Given our track record in the review and testing of Consumer
SSDs we soon found ourselves wondering how Consumer SSDs would perform in tests
aimed at Enterprise solutions. We also noticed that Enterprise solutions
typically have a much larger amount of NAND storage dedicated for
use by their controller (the controller is the heart of an SSD and controls the
reading, writing and placement of data in the NAND storage together with the
mapping of the storage to a user’s host environment and file system). So we
also wondered if consumer SSDs would perform better in enterprise tests if we
supplemented the relatively small amount of NAND they have set aside for their
controllers by leaving space unassigned for use by the host and its file
system. In Windows this is an easy thing to do and can be achieved by leaving
space on a drive unassigned for use by partitions (by reducing the default
maximum size when creating a new volume, or by shrinking an existing partition,
in Drive Management).
The process of setting aside additional space that may
supplement the effectiveness of an SSD’s performance is commonly known as
making an additional Over Provision (‘OP’) – hence our title. An additional OP
isn’t quite the same as permanently setting aside space to be dedicated to a
controller; it does though ensure that the pool of free blocks (that do not
contain valid data) is relatively large which in turn may have the effect of allowing
a controller’s ‘Garbage Collection’ functionality to more easily stay on top of
cleaning blocks, in order to accommodate the writing of new data, especially
when faced with intense write demands. The amount of NAND permanently
dedicated to the controller is hereafter referred to as ‘normal OP’.

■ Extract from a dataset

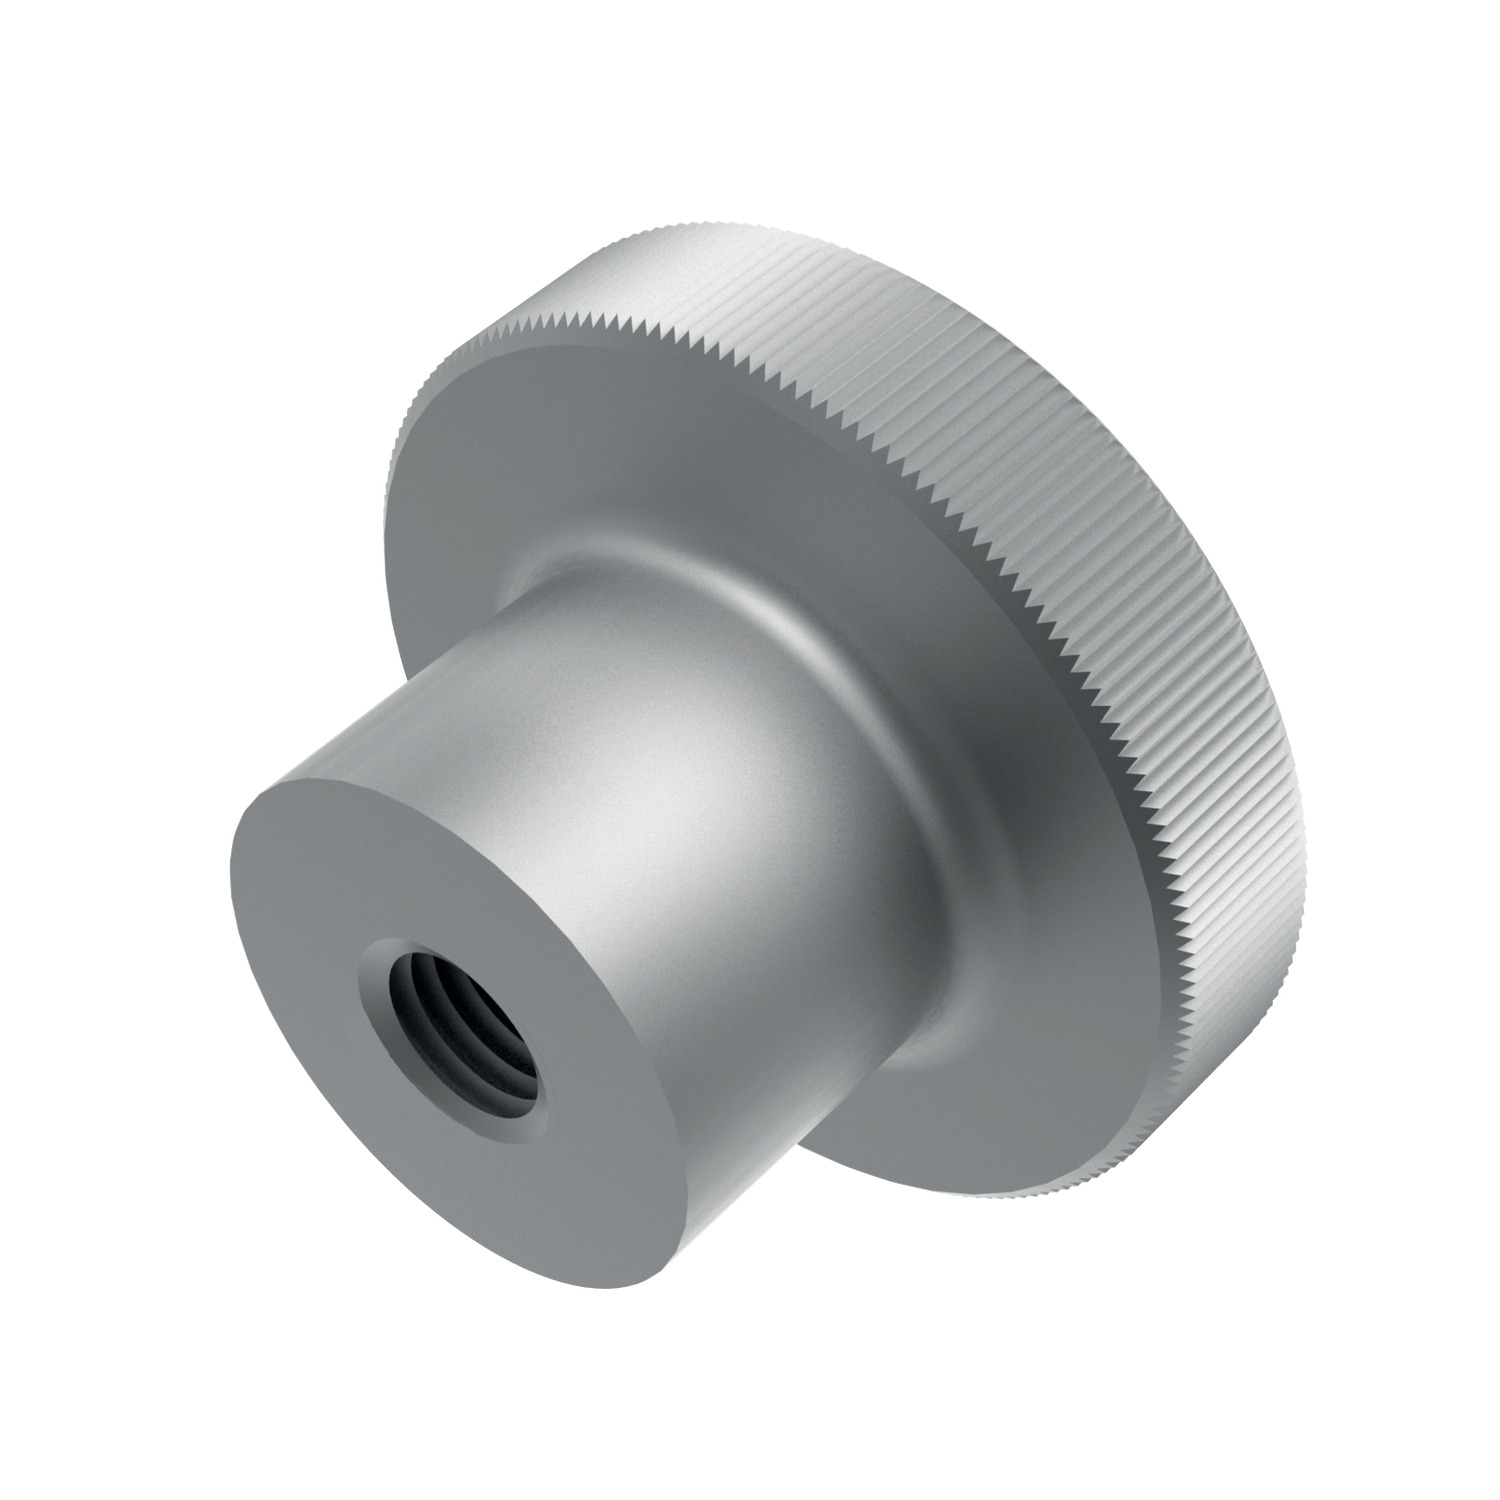 P0403.A2 - Knurled Thumb Nuts

In the SNIA SSS PTS one of the many demanding tests
specified is known as the Write Saturation Test; this test calls for bombarding
the drive relentlessly with randomly written 4KiB blocks of random (high
entropy) data, for a protracted period of time, preferably across the full
space available for use by a host system. Part of the requirement for
enterprise testing is to record results when a drive reaches what is known as a
‘Steady State’, put simply a steady state is when the drive reaches a
performance level that does not vary significantly over time (this is important
as a drive may temporarily perform at a higher level, whilst for example, it
still has empty blocks available (for example following a secure erase, which
puts an SATA drive into a Fresh out of the Box (‘FOB’) state).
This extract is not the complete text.